◆ DATASET SECTION:
* * * * * * * * *
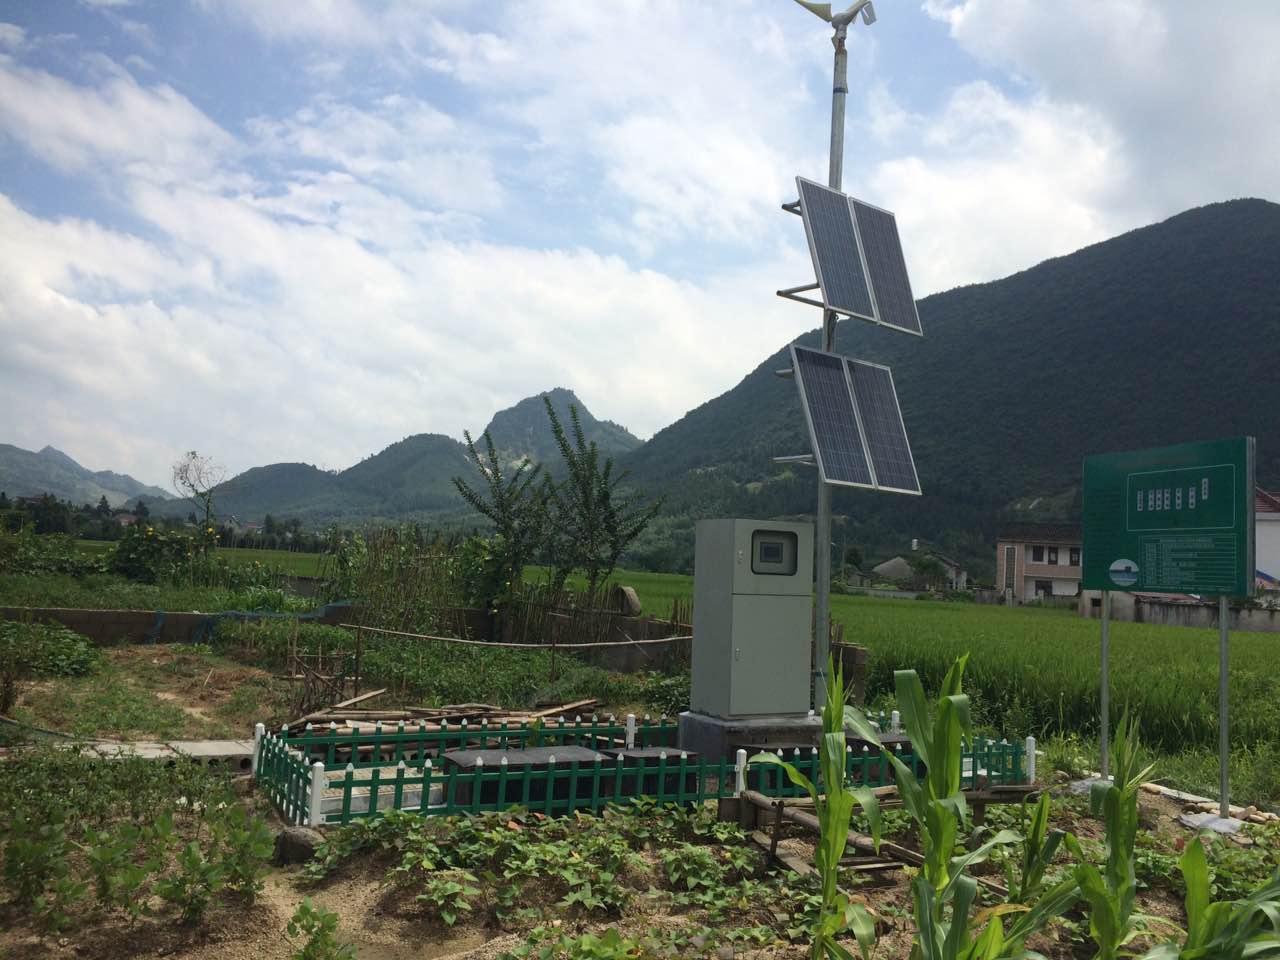 陵陽鎮三河村20噸天風光互補微動力污水
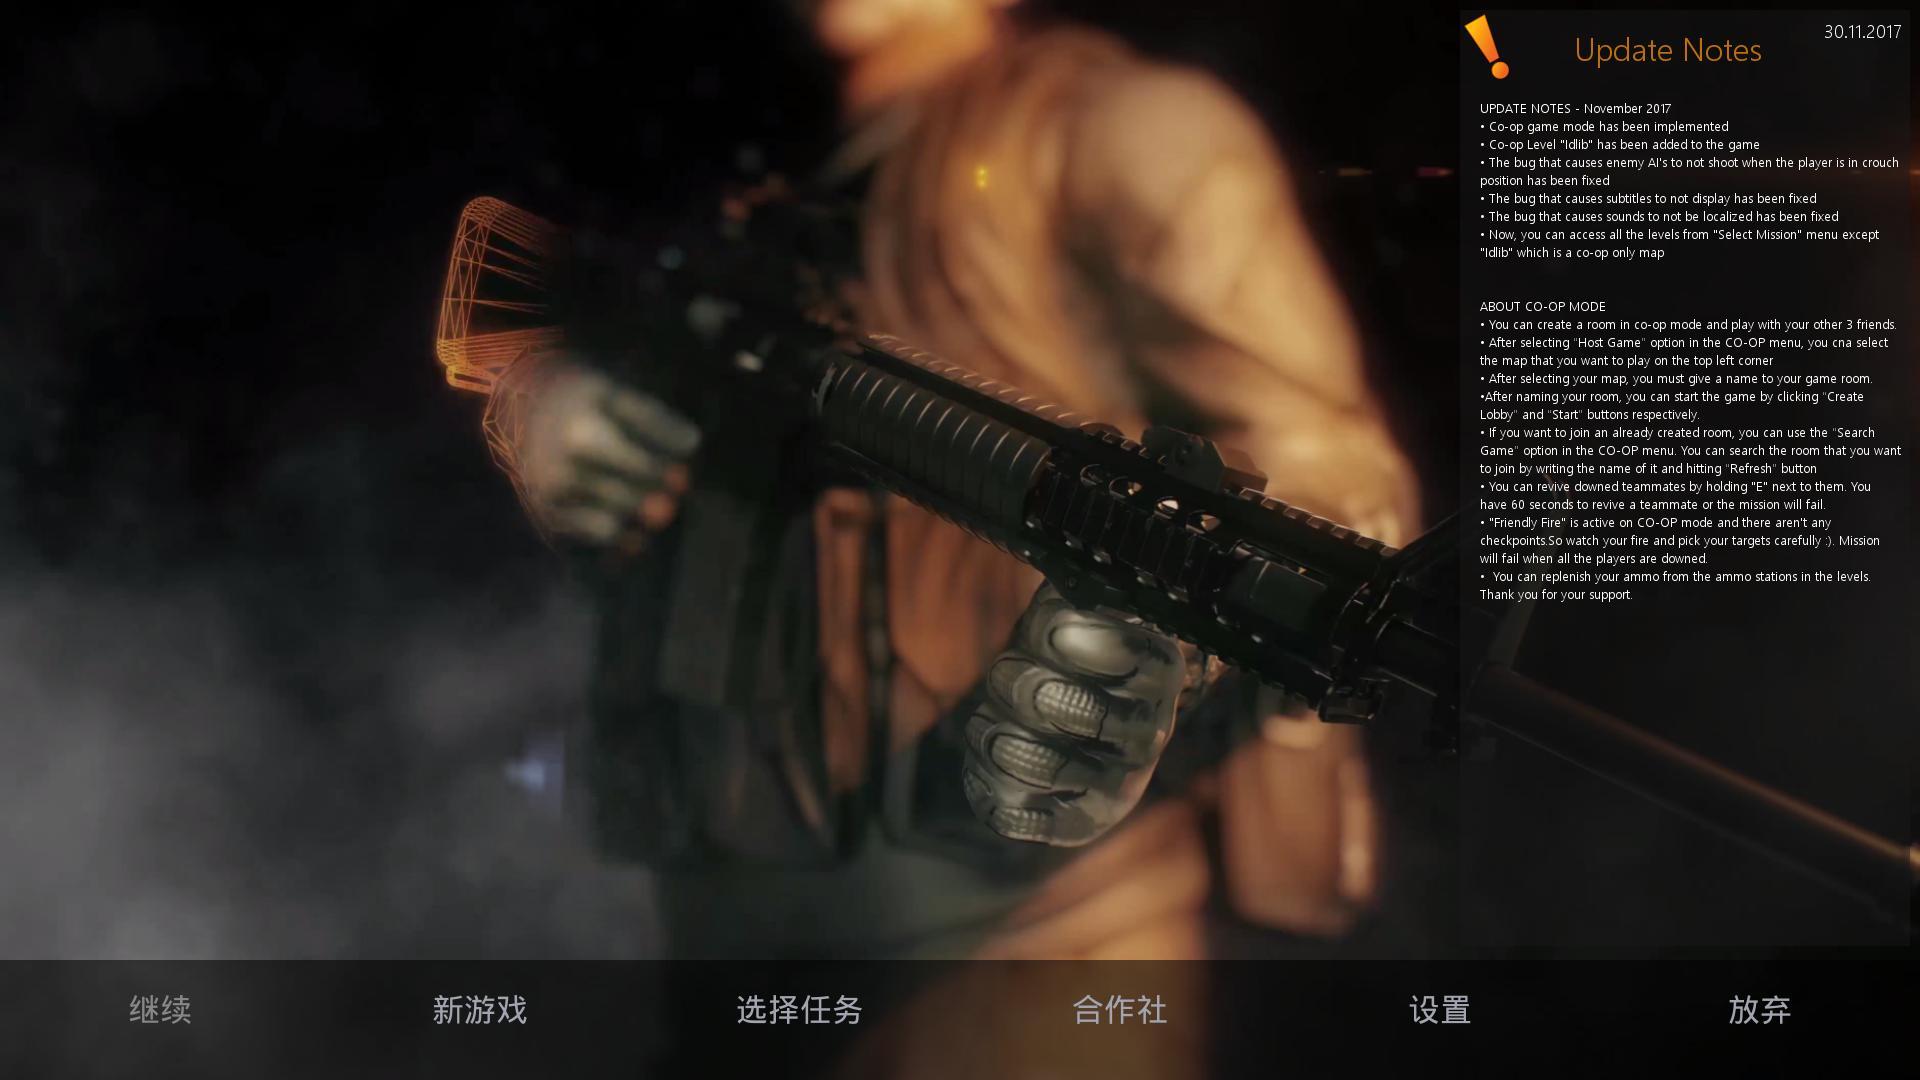 宇宙战士 中文截图
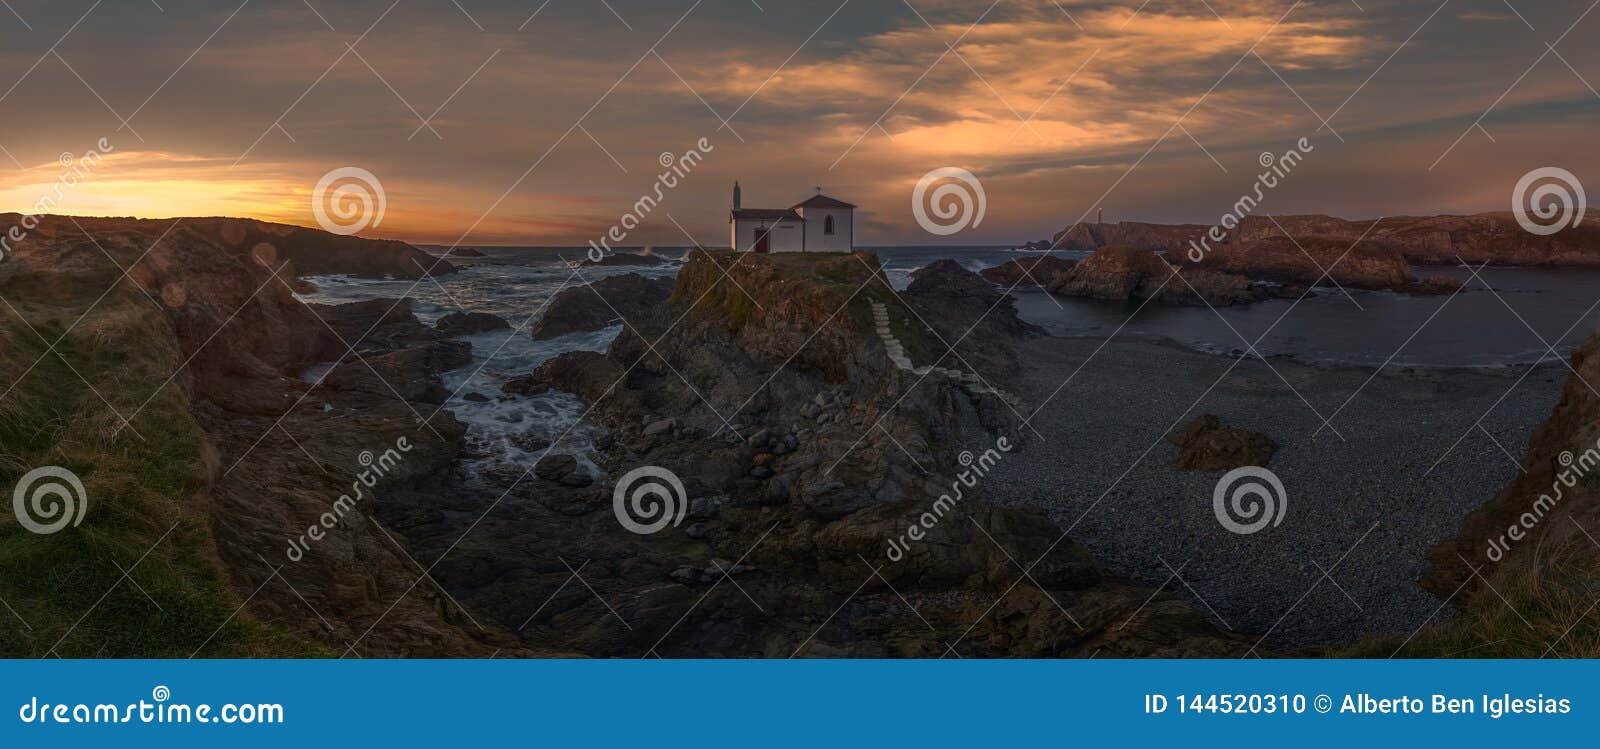 Panorama eines Einsiedlers im Meer
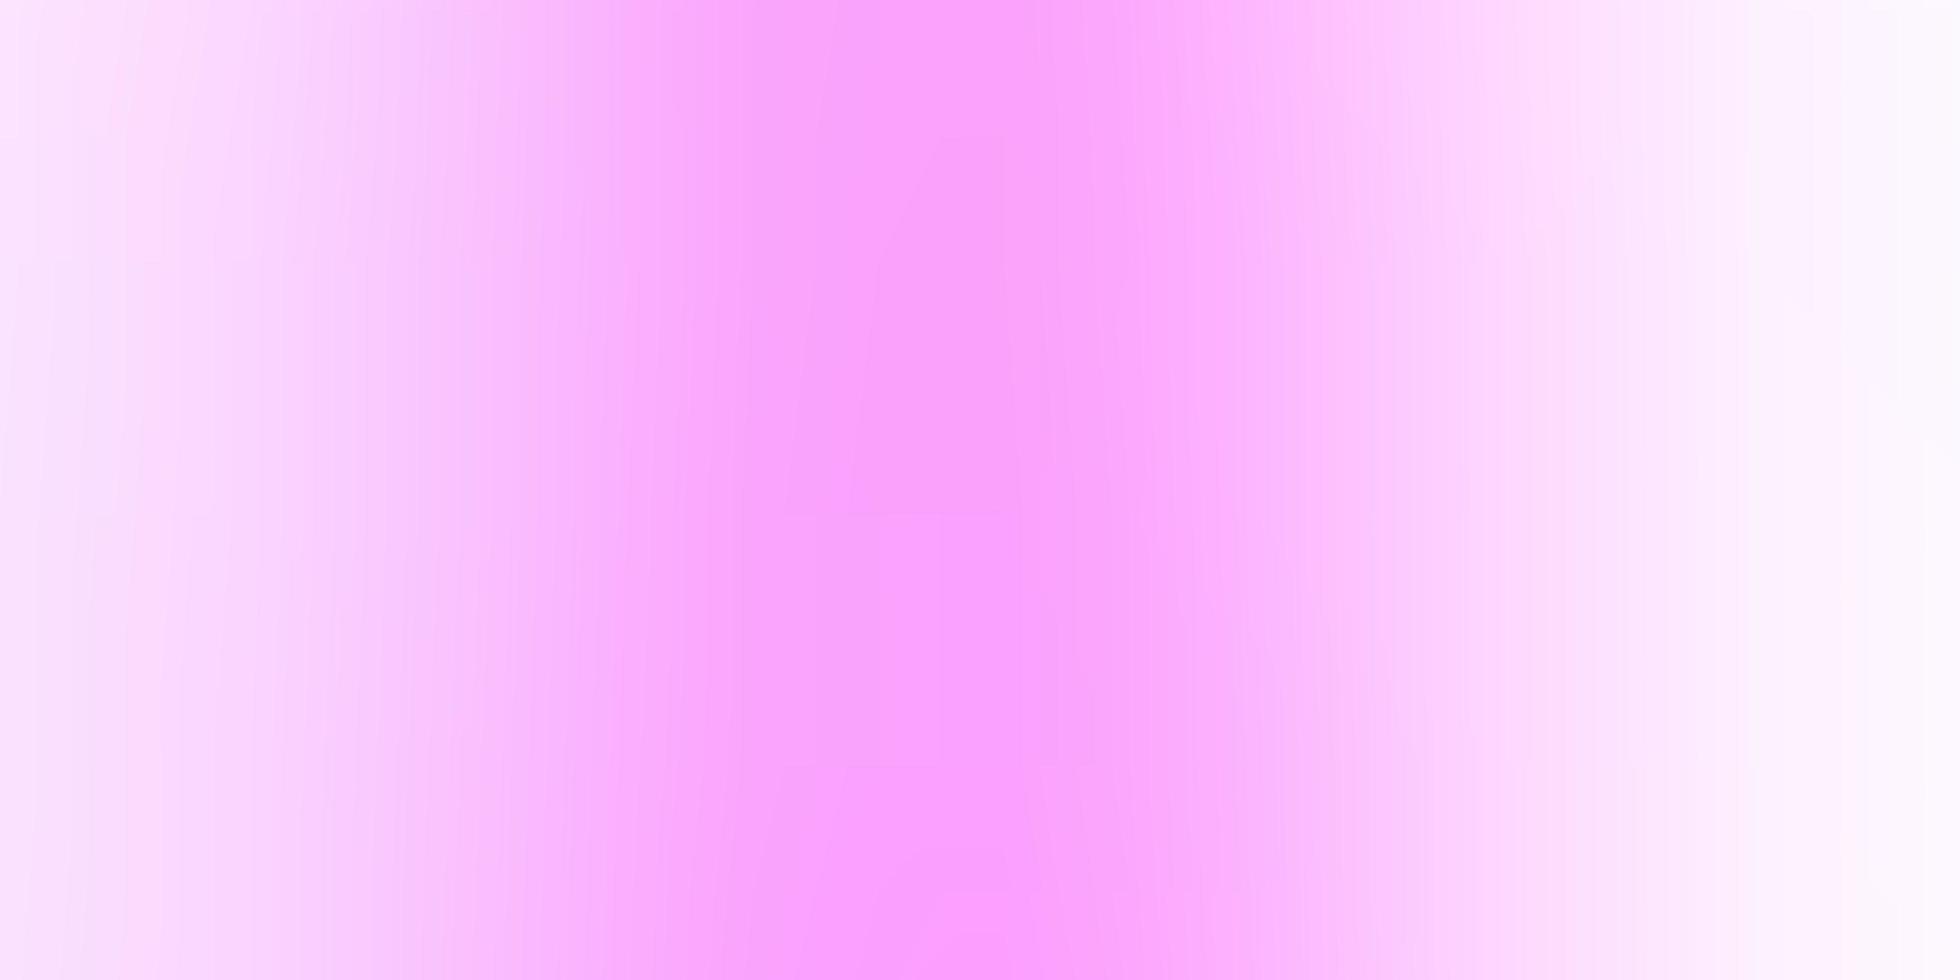 ljusrosa vektor suddigt mönster.
* * * * * * * * *
◆ WORK TO BE COMPLETED: Skip all pictures. Then give again, exactly, each line from the line holding "Panorama eines Einsiedlers im Meer" through the last line of the listing above, both ends included.

◆ COMPLETED TASK:
 Panorama eines Einsiedlers im Meer
 ljusrosa vektor suddigt mönster.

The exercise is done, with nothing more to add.